I have a Switch script which contains a public boolean array, meant to represent the lights.

What I need to do is, when the switches boolean state (state) is true, to change the state (on to off, or off to on) of the lights (SetActive).

If this isn’t very clear, I have put the scripts below.

Gate.cs

using UnityEngine;
using System.Collections;

public class Gate : MonoBehaviour {

    public GameObject[] lights;
    public Switch[] switches;
    private int lightCount;
   
    void Start()
    {
        foreach (GameObject l in lights)
        {
            l.SetActive(false);
        }
    }

    void Update ()
    {
        foreach(Switch s in switches)
        {
            if(s.state == true)
            {
               
            }
        }
    }
}

Switch.cs

using UnityEngine;
using System.Collections;

public class Switch : MonoBehaviour {

    public bool canBeUsed;
    public bool state;

    public bool[] lights;
   
    void Update ()
    {
        if (canBeUsed == true)
        {
            if (state == true)
            {
                state = false;
            }
            if (state == false)
            {
                state = true;
            }
        }
    }

    public void Clicked()
    {
        if (state == true)
        {
            state = false;
        }
        else
        {
            state = true;

            foreach(bool l in lights)
            {

            }
        }
    }
}

I’m not 100% sure of the question you’re asking, because there are several steps involved:

  1. detecting that the switch is clicked (collision box? coordinate check? make it a UIbutton?)
  2. getting that even to the correct light (is there a 1-to-1 mapping in the arrays? does it go by name? does a switch have an associated name it goes to, or just the array of its controlled lights?)
  3. actually toggling the light (you can do this by enabling/disabling the actual Unity light component, or if the light is really an unlit texture, then enabling/disabling the renderer, or replacing the “off” light with an “on” light when the state changes)

I hope this gives some tools to think about your problem a bit more and perhaps make some headway.

  1. I am currently calling the Clicked function with a UI button.
  2. The arrays area 1-1 mapping of each other, boolean [0] controls light [0] and so on.
  3. Getting the object to turn off is just a placeholder so I can get it all working before I add some fancy shader stuff.

What I am trying to do is build a switch puzzle, so depending on which lights the switch is set up to toggle (the boolean array), those lights are toggled when the switch is toggled.

This is the bit I am struggling with, mapping the arrays with 1-1 match, and getting them to operate correctly.

You want to use for loops rather than foreach loops. Since the arrays match 1 to 1, you need the same index to access each one. That’s a piece of data you just don’t have in a foreach.

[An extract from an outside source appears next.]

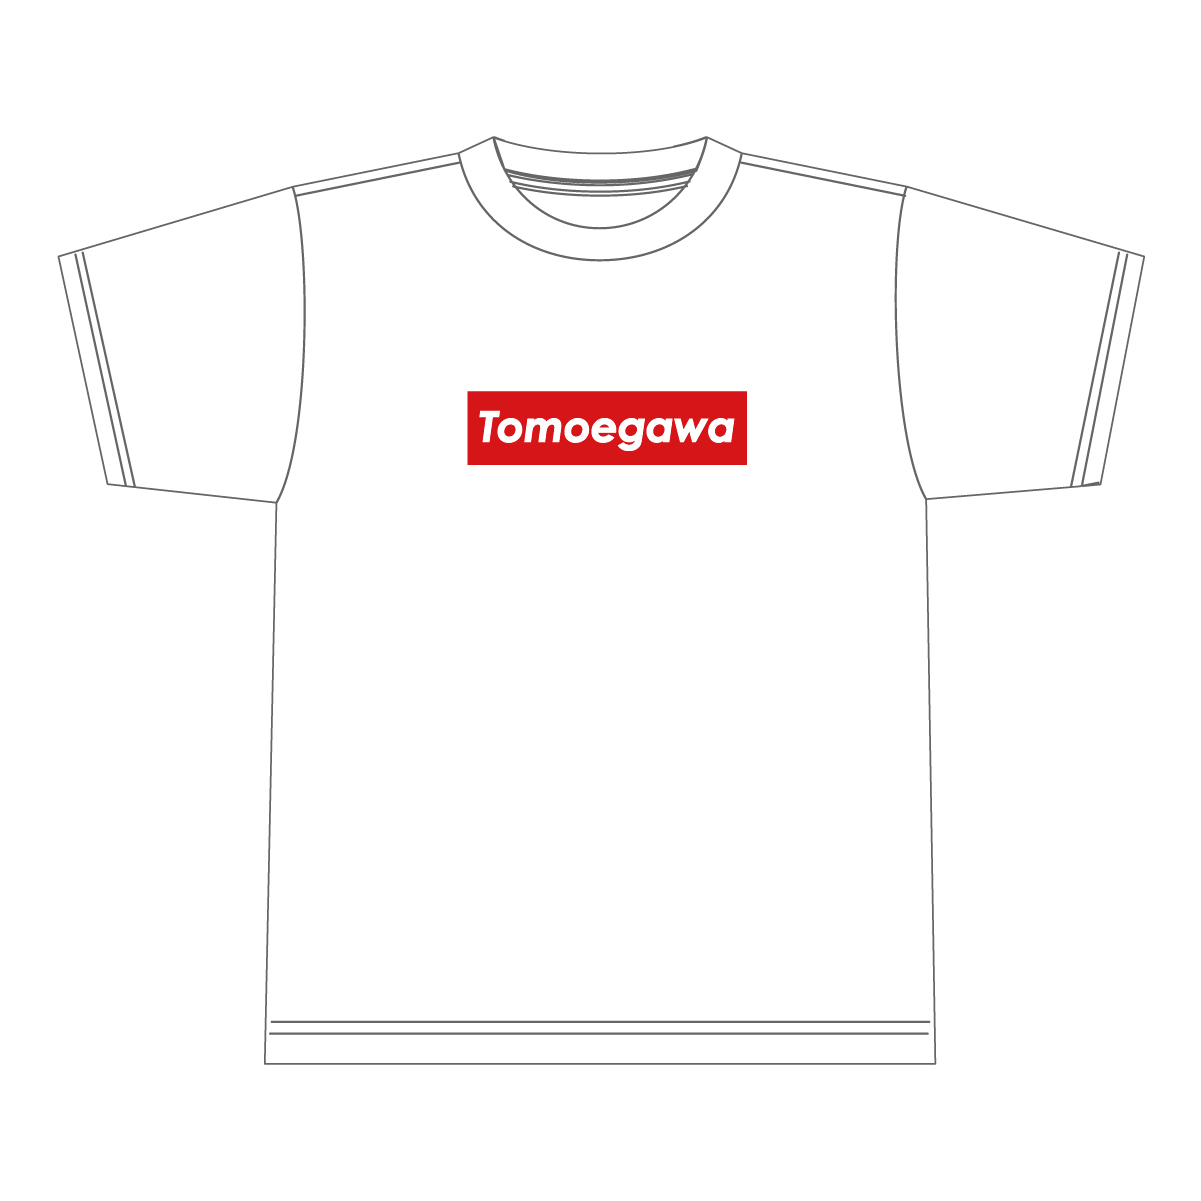 どこかで見たことある...? Tomoegawa Tシャツ パクリーム ホワイト 白 ワンポイント 一流の品質 ロゴ 清水 静岡市 清水区 お土産 静岡県 大好評です 巴川 静岡 ご当地

for (int index = 0; index < someArray.Length; index++) {
lights[index].enabled = lightBools[index];
}

That said, since the Light component already has a bool attached to it (e.g. .enabled), why not alter those directly, and skip the parallel boolean array entirely?

And, you should definitely learn the ! operator. It means “not”:

lights[someIndex].enabled = !lights[someIndex].enabled;

Will toggle the light at position someIndex.

How would this even be implemented in my scripts?
I can very roughly see (just about) what this is meant to do, but I have no idea how this would work for my example.

One of two approaches. In both, Switch.js is placed somewhere where it can receive a message when the user presses it - looks like that’s what Click() does.

Switch has a reference to either:

A) A Gate, and an index of the light it manipulates (to be set in the inspector):

public Gate myGate;
public int myIndex = 0;
public void Click() {
myGate.lights[myIndex].enabled = !myGate.lights[myIndex].enabled;
}

This approach is a little less hassle to set up, since you can select all your switches and drag in the Gate to all of them at once; and it’s much easier to migrate to new puzzles when you build them (you only have to assign new Light references in the gate, not to all switches).

OR

B) A reference to the light directly:

public Light myLight;
public void Click() {
myLight.enabled = !myLight.enabled;
}

This approach is a little more direct and straightforward. Switch.cs doesn’t rely on Gate.cs at all, but because they both look at the same Light object, they can still share data (the ‘enabled’ states).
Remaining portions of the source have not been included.